Your instructions :: Give exactly the lines from the one with "DAMAGE PROCESSED JERSEY" through the final line of the listing below, both included, leaving out any pictures.

Supplied data ::
++++++++

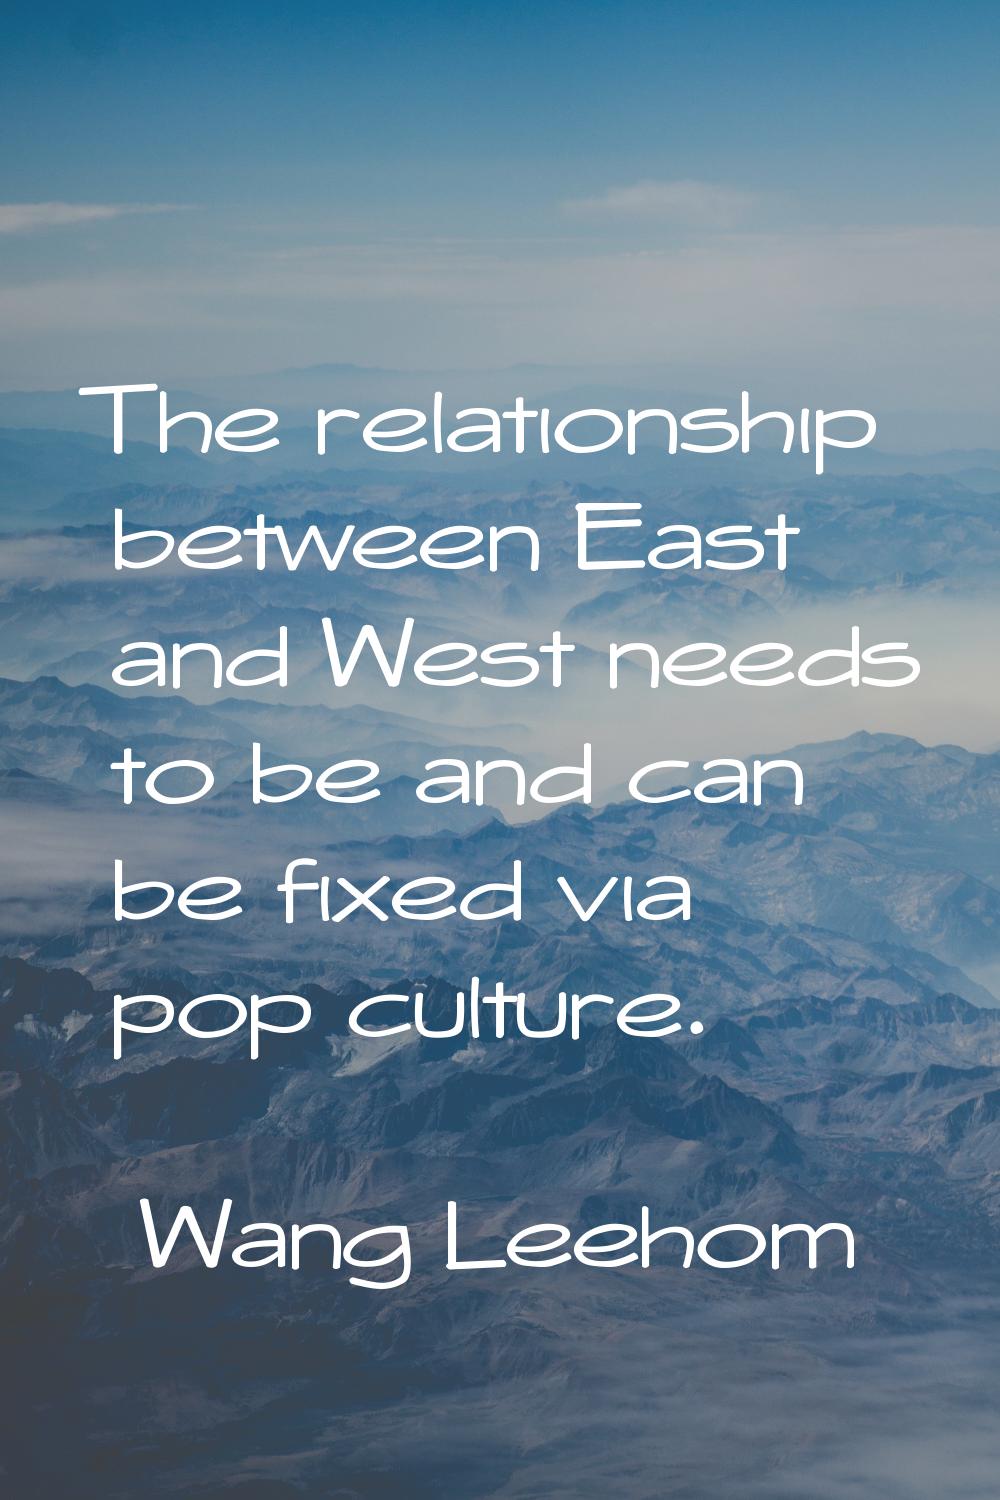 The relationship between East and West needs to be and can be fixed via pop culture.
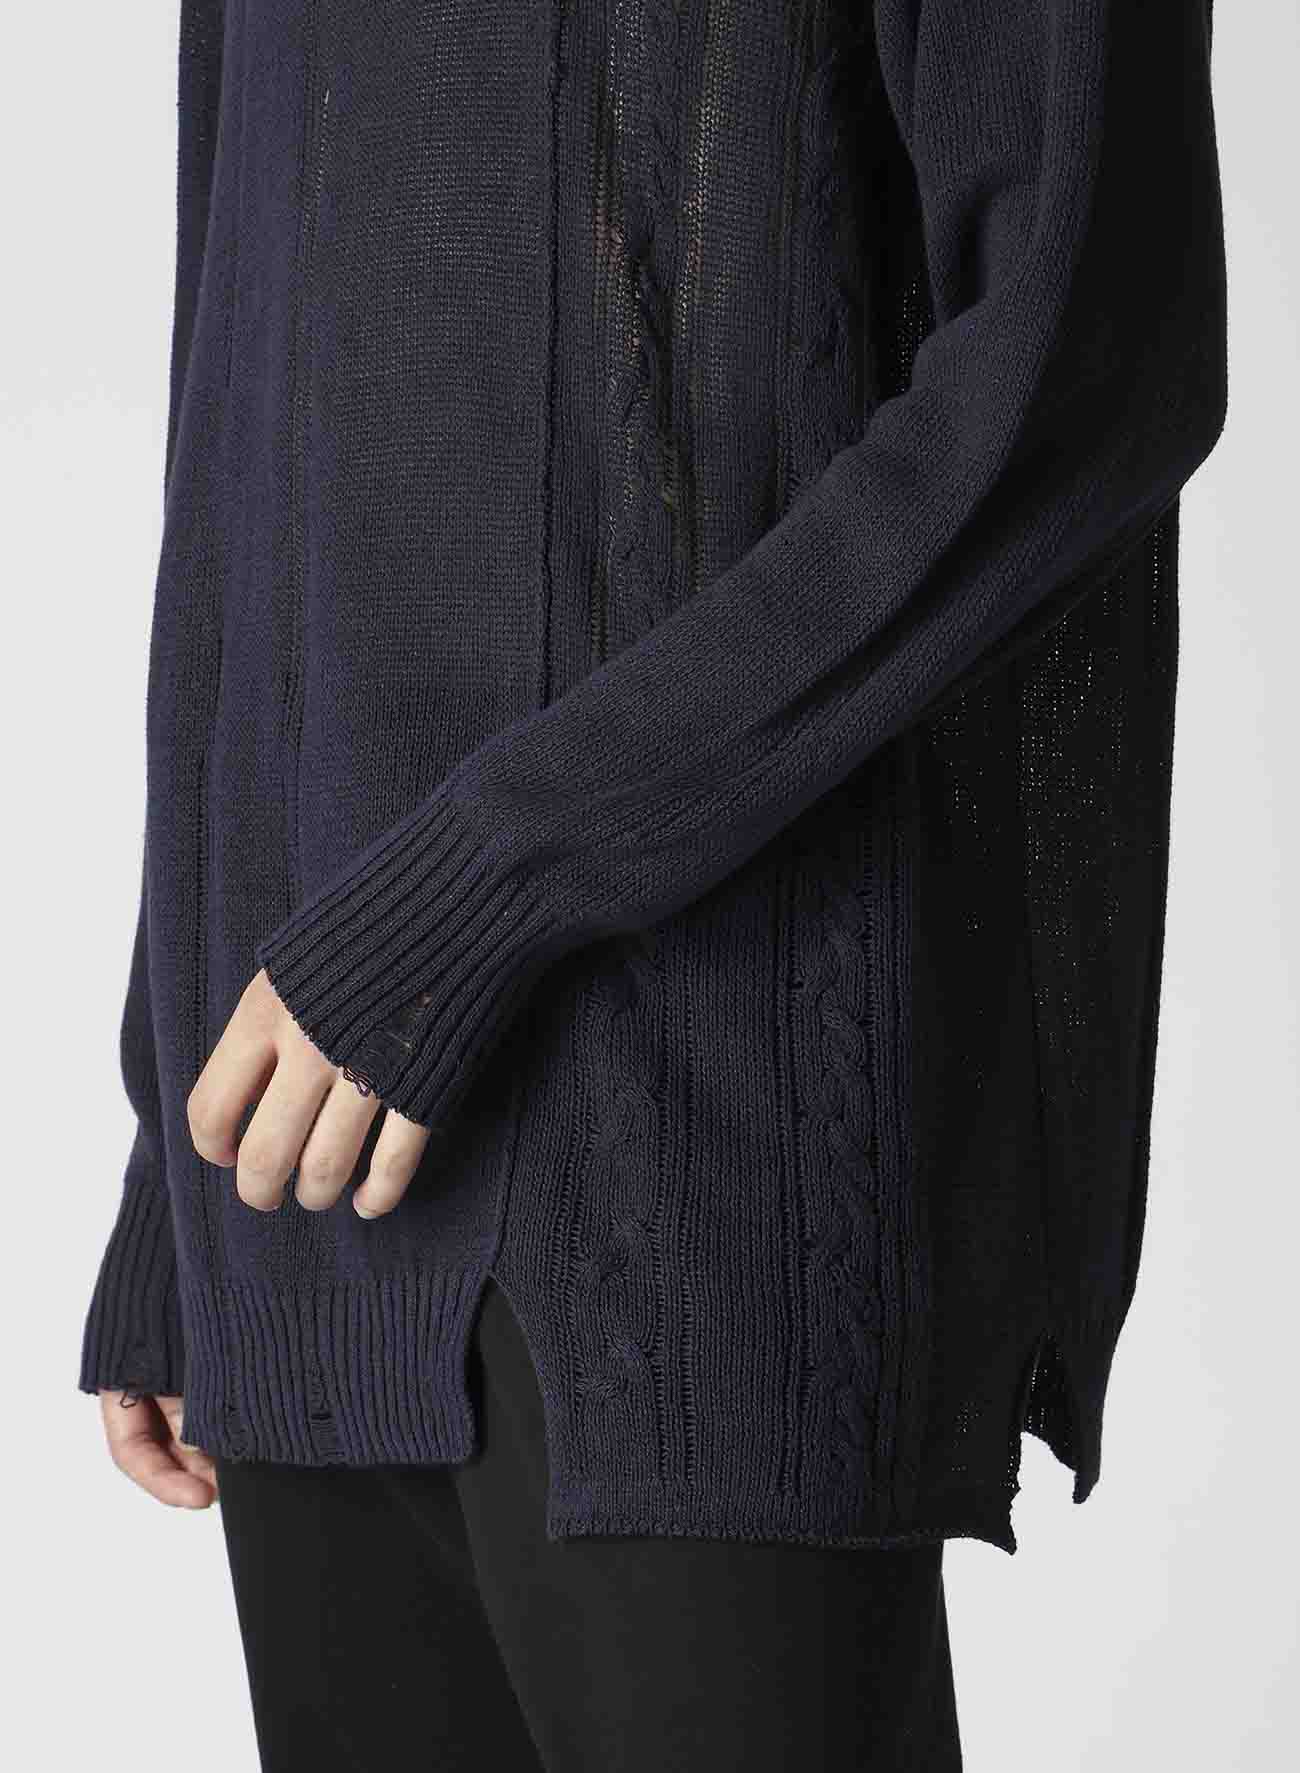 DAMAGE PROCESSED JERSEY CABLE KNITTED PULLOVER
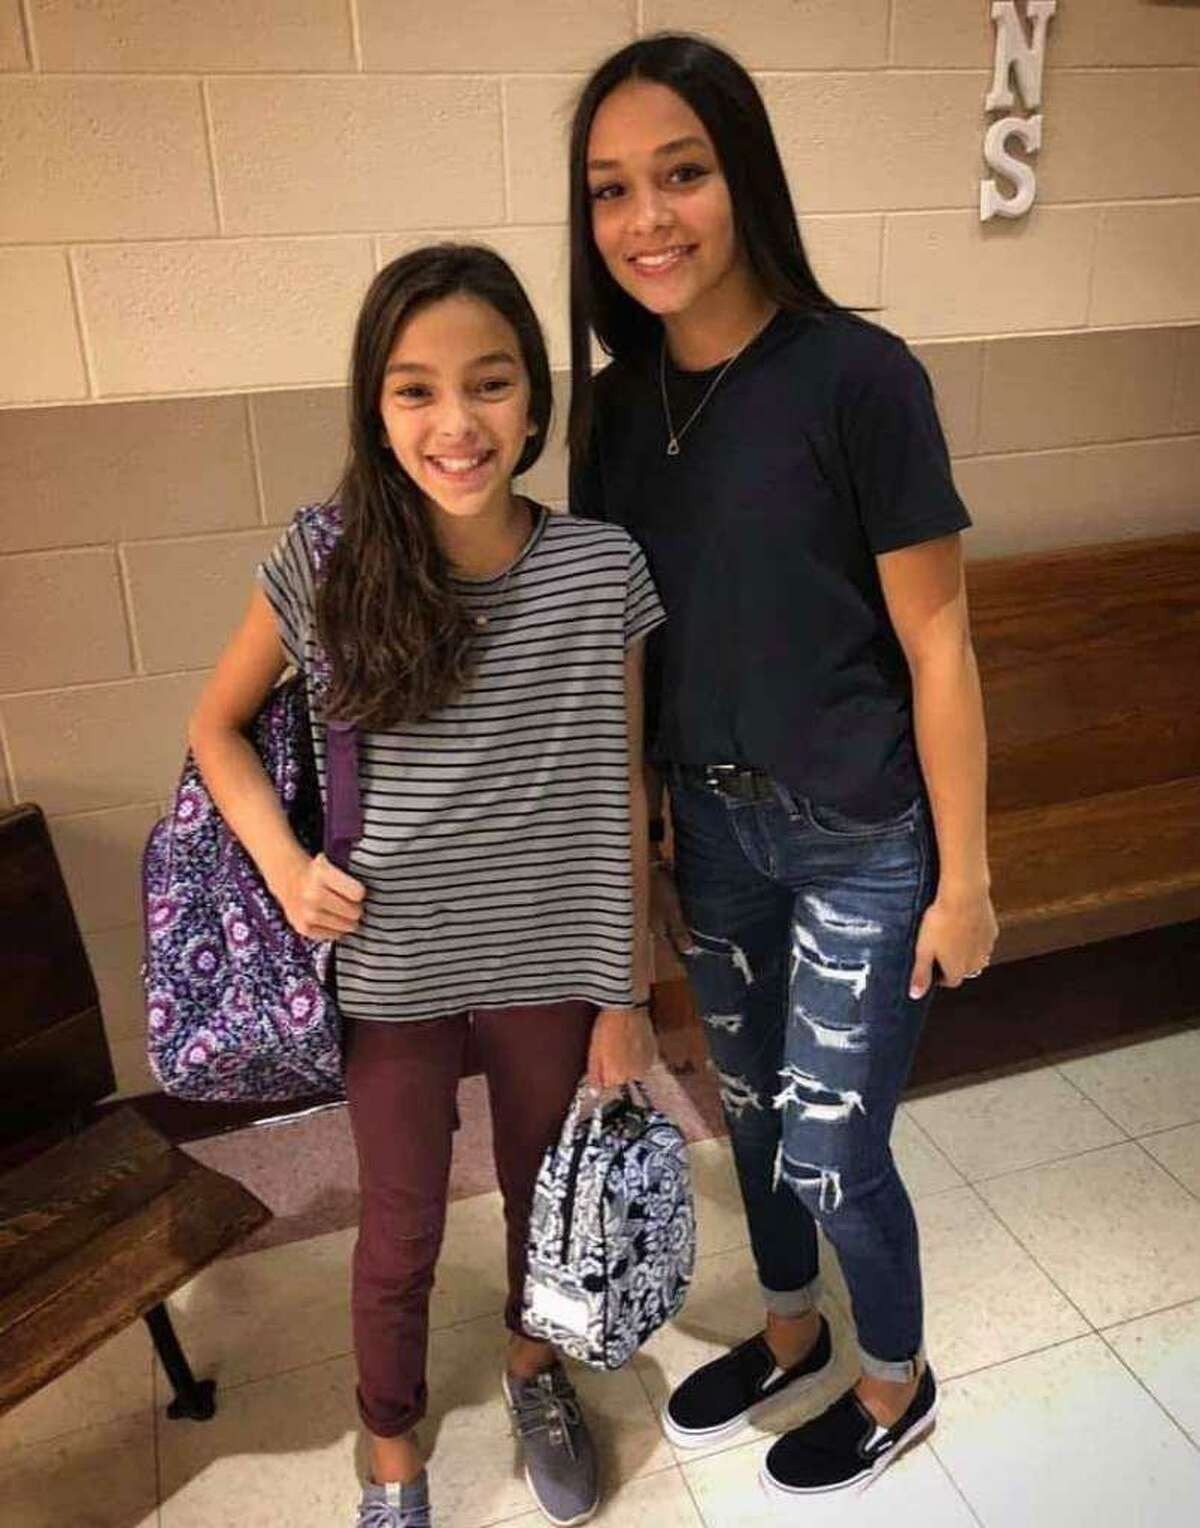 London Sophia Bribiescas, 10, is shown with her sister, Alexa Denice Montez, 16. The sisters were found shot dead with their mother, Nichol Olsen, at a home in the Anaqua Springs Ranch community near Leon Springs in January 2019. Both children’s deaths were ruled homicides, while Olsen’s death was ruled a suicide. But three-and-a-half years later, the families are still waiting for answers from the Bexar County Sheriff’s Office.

++++++++

Exercise result ::
 DAMAGE PROCESSED JERSEY CABLE KNITTED PULLOVER
 London Sophia Bribiescas, 10, is shown with her sister, Alexa Denice Montez, 16. The sisters were found shot dead with their mother, Nichol Olsen, at a home in the Anaqua Springs Ranch community near Leon Springs in January 2019. Both children’s deaths were ruled homicides, while Olsen’s death was ruled a suicide. But three-and-a-half years later, the families are still waiting for answers from the Bexar County Sheriff’s Office.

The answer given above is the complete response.